GridSearchCV(cv=5, error_score=nan,
             estimator=LogisticRegression(C=1.0, class_weight=None, dual=False,
                                          fit_intercept=True,
                                          intercept_scaling=1, l1_ratio=None,
                                          max_iter=10000, multi_class='auto',
                                          n_jobs=None, penalty='l2',
                                          random_state=None, solver='lbfgs',
                                          tol=0.0001, verbose=0,
                                          warm_start=False),
             iid='deprecated', n_jobs=None,
             param_grid={'C': [0.01, 0.1, 1, 10, 100]}, pre_dispatch='2*n_jobs',
             refit=True, return_train_score=False, scoring=None, verbose=0)

In [49]:
print("Best hyperparameters: {}".format(grid_logreg_without_age.best_params_))
print("Best cross-validation score for those hyperparameters: {:.2f}".format(grid_logreg_without_age.best_score_))
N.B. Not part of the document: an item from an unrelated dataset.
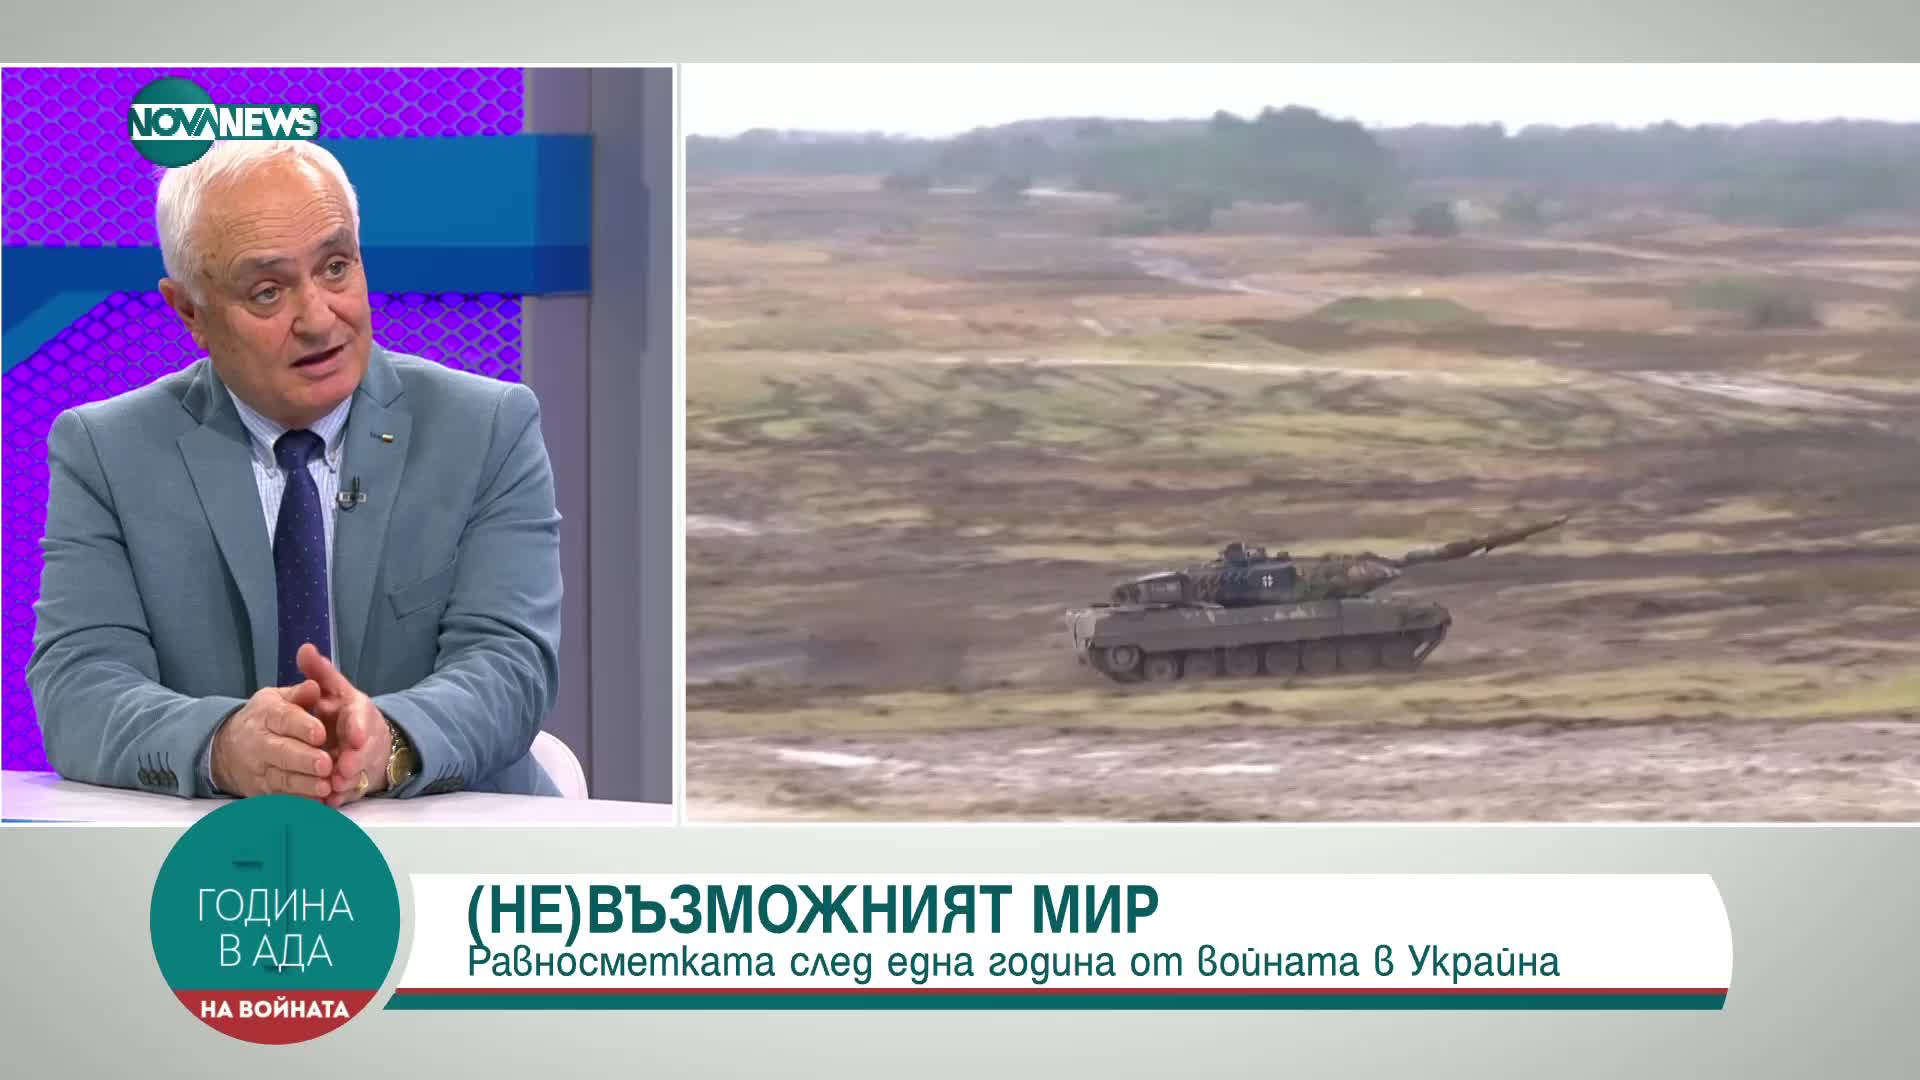 Запрянов: Украйнските въоръжени сили са организирани по натовски стандарти

Best hyperparameters: {'C': 0.1}
Best cross-validation score for those hyperparameters: 0.79


### Support Vector Machine

In [50]:
# The kernel and associated hyperparameters to search over
param_grid = [{'kernel': ['rbf'], 'C': [0.01, 0.1, 1, 10, 100], 'gamma': [0.01, 0.1, 1, 10, 100]},
                {'kernel': ['linear'], 'C': [0.01, 0.1, 1, 10, 100]}]

# Instantiating the model
grid_svm_without_age = GridSearchCV(SVC(), param_grid, cv=5, n_jobs=-1)

# Fitting the model
grid_svm_without_age.fit(X_train_without_age, y_train)

GridSearchCV(cv=5, error_score=nan,
             estimator=SVC(C=1.0, break_ties=False, cache_size=200,
                           class_weight=None, coef0=0.0,
                           decision_function_shape='ovr', degree=3,
                           gamma='scale', kernel='rbf', max_iter=-1,
                           probability=False, random_state=None, shrinking=True,
                           tol=0.001, verbose=False),
             iid='deprecated', n_jobs=-1,
             param_grid=[{'C': [0.01, 0.1, 1, 10, 100],
                          'gamma': [0.01, 0.1, 1, 10, 100], 'kernel': ['rbf']},
                         {'C': [0.01, 0.1, 1, 10, 100], 'kernel': ['linear']}],
             pre_dispatch='2*n_jobs', refit=True, return_train_score=False,
             scoring=None, verbose=0)

In [51]:
print("Best hyperparameters:  {}".format(grid_svm_without_age.best_params_))
print("Best cross-validation score for those hyperparameters: {:.2f}".format(grid_svm_without_age.best_score_))

Best hyperparameters:  {'C': 10, 'gamma': 0.01, 'kernel': 'rbf'}
Best cross-validation score for those hyperparameters: 0.79


# Overall, the model that achieved the highest accuracy was Support Vector Machines with Normalized Data (Min-Max Scaling) with a Kaggle Score of 0.78468.

### With this we reach the end of the notebook. There is definitely room for more exploration and growth and it is possible to obtain a higher accuracy with more preprocessing and feature engineering.